Question

A Carnot engine is operating between a hot body and cold body maintained at temperatures \( T_1 \) and \( T_2 \) respectively. Consider the following three cases:
• Case-I: The temperature of the hot body is changed to \( T_1 + \Delta T \) and cold body is at \( T_2 \).
• Case-II: The temperature of the hot body is at \( T_1 \) and cold body is changed to \( T_2 + \Delta T \).
• Case-III: The temperature of the hot body is at \( T_1 \) and cold body is changed to \( T_2 - \Delta T \). The efficiency of the Carnot cycle is highest for:

• A. The efficiency of the Carnot cycle is highest for case-I
• B. The efficiency of the Carnot cycle is highest for case-II
• C. The efficiency of the Carnot cycle is highest for case-III
• D. The efficiency of case-II is higher than case-III
• E. The efficiency of the Carnot cycle is same for all three cases

Hint:

Lowering cold reservoir temperature increases efficiency more effectively than raising hot temperature.

Answer 1

The Correct Option is C

Concept:
Carnot efficiency: \[ \eta = 1 - \frac{T_c}{T_h} \]

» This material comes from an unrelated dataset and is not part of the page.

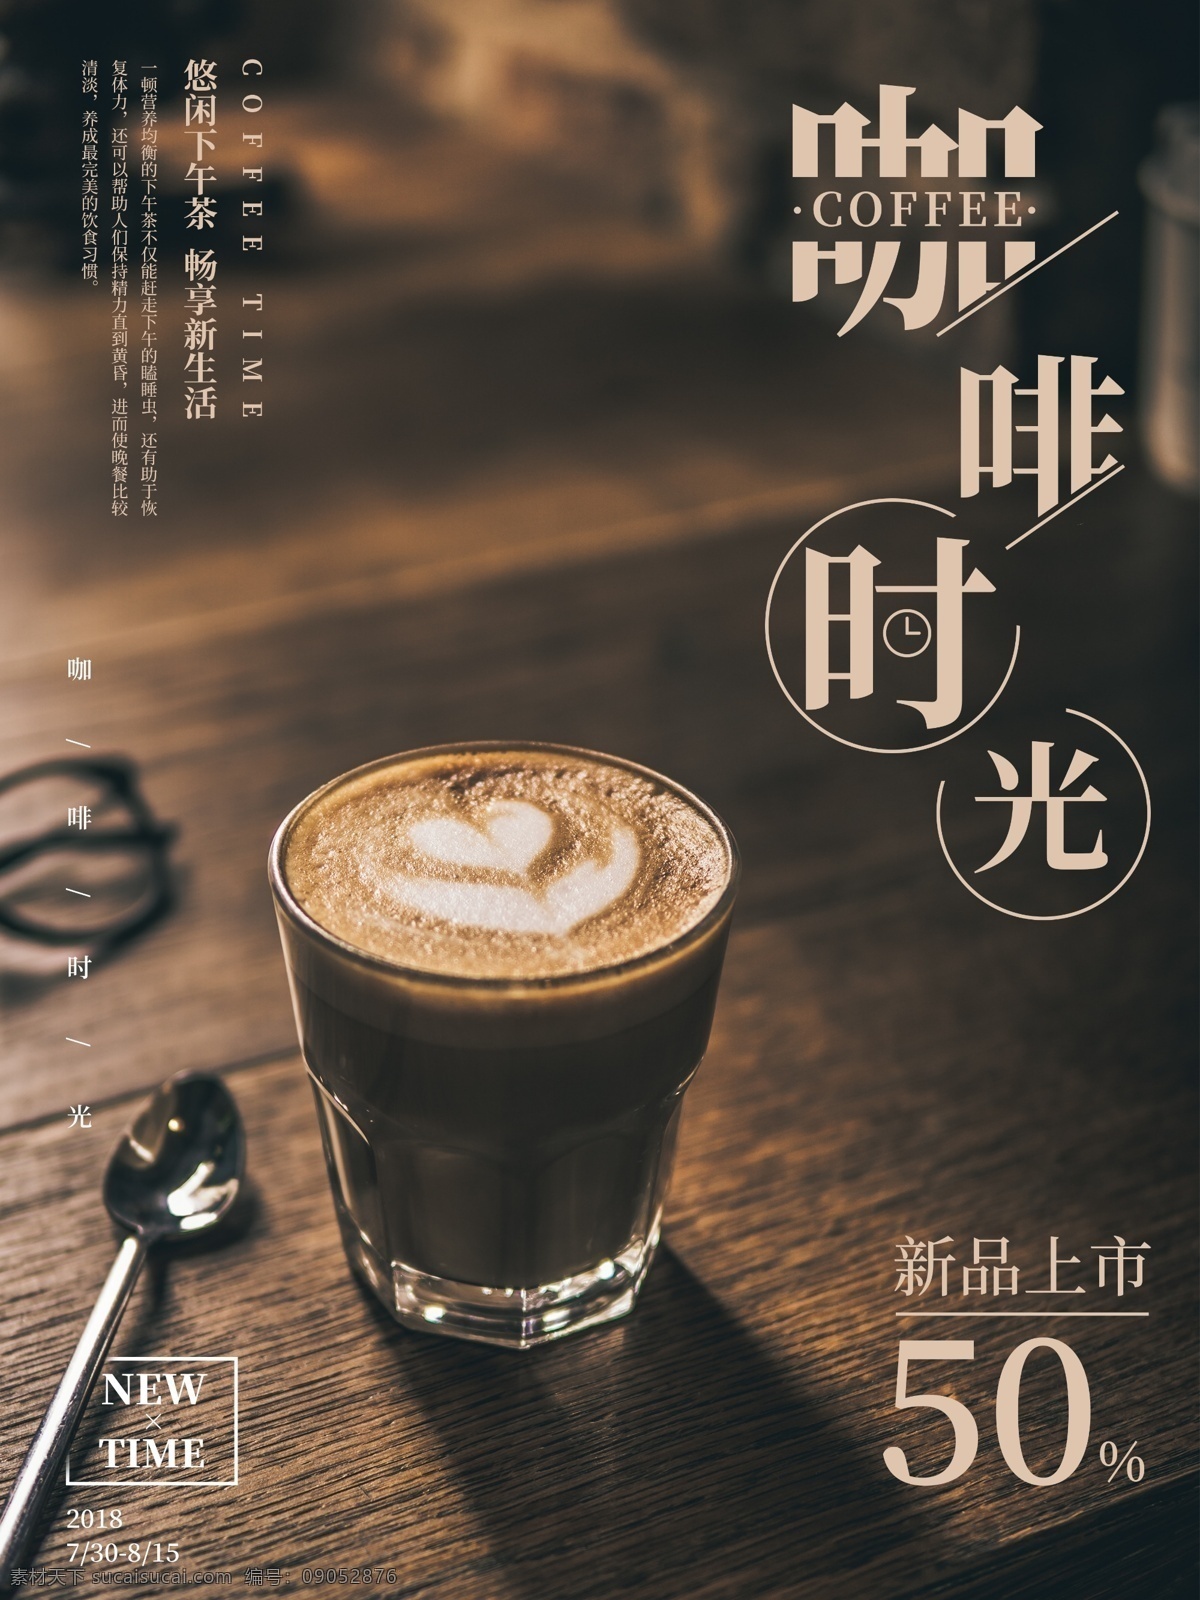 醇香 咖啡 时光 美食 宣传 促销 海报 美食海报 咖啡时光 醇香咖啡

Step 1: Write efficiencies
\[ \eta_1 = 1 - \frac{T_2}{T_1 + \Delta T} \] \[ \eta_2 = 1 - \frac{T_2 + \Delta T}{T_1} \] \[ \eta_3 = 1 - \frac{T_2 - \Delta T}{T_1} \]

Step 2: Compare physically
Increasing \(T_h\) increases efficiency and decreasing \(T_c\) increases efficiency even more.

Step 3: Conclusion
\[ \eta_3 > \eta_1 > \eta_2 \] \[ \boxed{\text{Efficiency is highest for Case-III}} \]